How DA Drives Performance
Now, we have concrete data linking DA excellence to improved business performance (for example, sales, margin, total shareholder returns). We interviewed almost 500 INSEAD alumni spanning an array of industries and geographical regions, representing companies with revenues anywhere from less than US$50 million to more than US$20 billion.
Our findings show that companies with leading demand analytics capabilities demonstrated higher commercial performance levels. On every indicator, companies in the top tier of DA adoption performed at least twice as well as the rest of the sample. This correlation was widely recognised by the executives who responded to the survey. About 70 percent of the firms with leading demand analytics capabilities have invested considerably and consistently to develop them. Conversely, more than half of the companies that are lagging behind on DA capabilities demonstrate at best an average performance compared to their peers. Our finding is strongly supported by the DA leaders’ executives: 80 percent say that DA is a very important driver of business performance. The correlation of DA with performance was present not only in B2C sectors (where it would be expected) but also in B2B areas such as chemicals and industrial goods.
What Demand Analytics Champions Do Differently
In any given company, bringing the demand analytics capability above par typically requires investments in people, processes and data availability — and, to a lesser extent, in technology. There must be a clear link between the development of demand analytics capabilities and the company’s strategy. Those with significant investments in demand analytics see measurable impact: 26 percent say it helped to turn around a business and improve profitability. The relevance of demand analytics is particularly evident in industries such as consumer packaged goods, retail, and financial services; it is demonstrable across all geographies.

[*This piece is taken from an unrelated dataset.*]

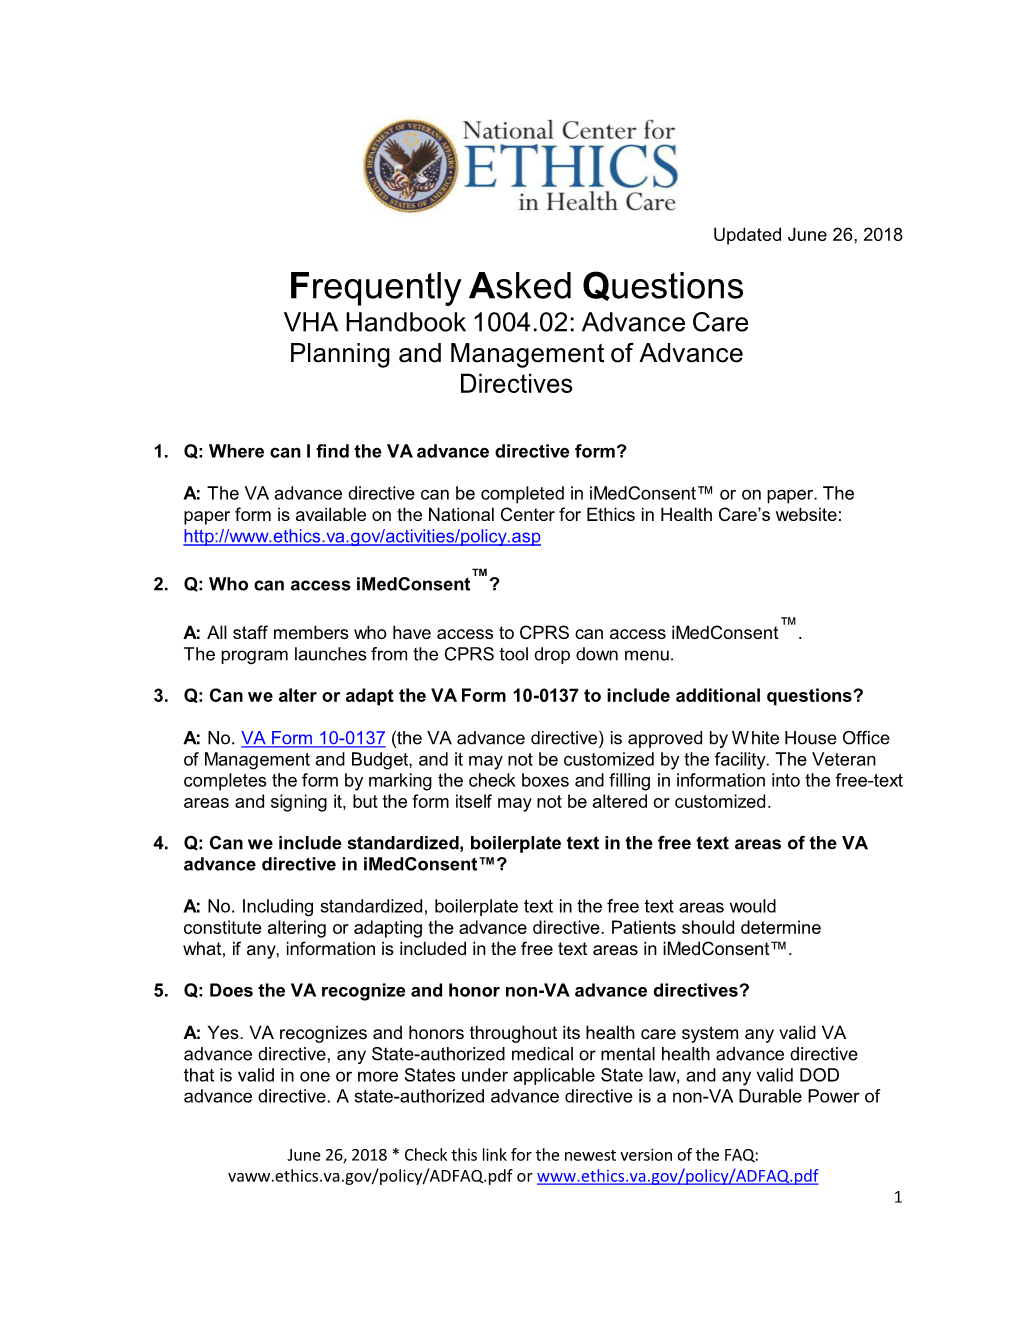 Frequently Asked Questions VHA Handbook 1004.02: Advance Care Planning and Management of Advance Directives

However, a capability gap remains. Even current demand analytics leaders do not necessarily believe they have the right enablers in place and are applying them in the best way possible.
In order to become a DA leader, we have found, companies must concentrate on four key enablers:
- Demand Analytics processes: It has to be organised in clear processes, which are aligned to clear business processes (for example, strategy definition, annual planning, budgeting process)
- Data availability: Easily accessible, high quality data and basic automatic analyses have to be available
- Expertise: All demand analytics employees have to be experts in their field, or the company needs to have at least strong demand analytics talent and some specialists
- Analytic resources: A substantial, multi-disciplinary demand analytics team including specialists, or at least a small team of dedicated analysts, has to be in place
Maybe surprisingly, our research shows that it is more about having the right processes than about having the right tools. Developing a defined process means making digital analytics an obligatory part of decision making. Any major action, from a product launch to an operational change, should require a data-driven justification before it can be approved. Close to 90 percent of survey respondents from top-tier businesses report performing this type of analysis. It’s seemingly a matter of time before demand analytics excellence progresses from advantage to necessity for companies everywhere.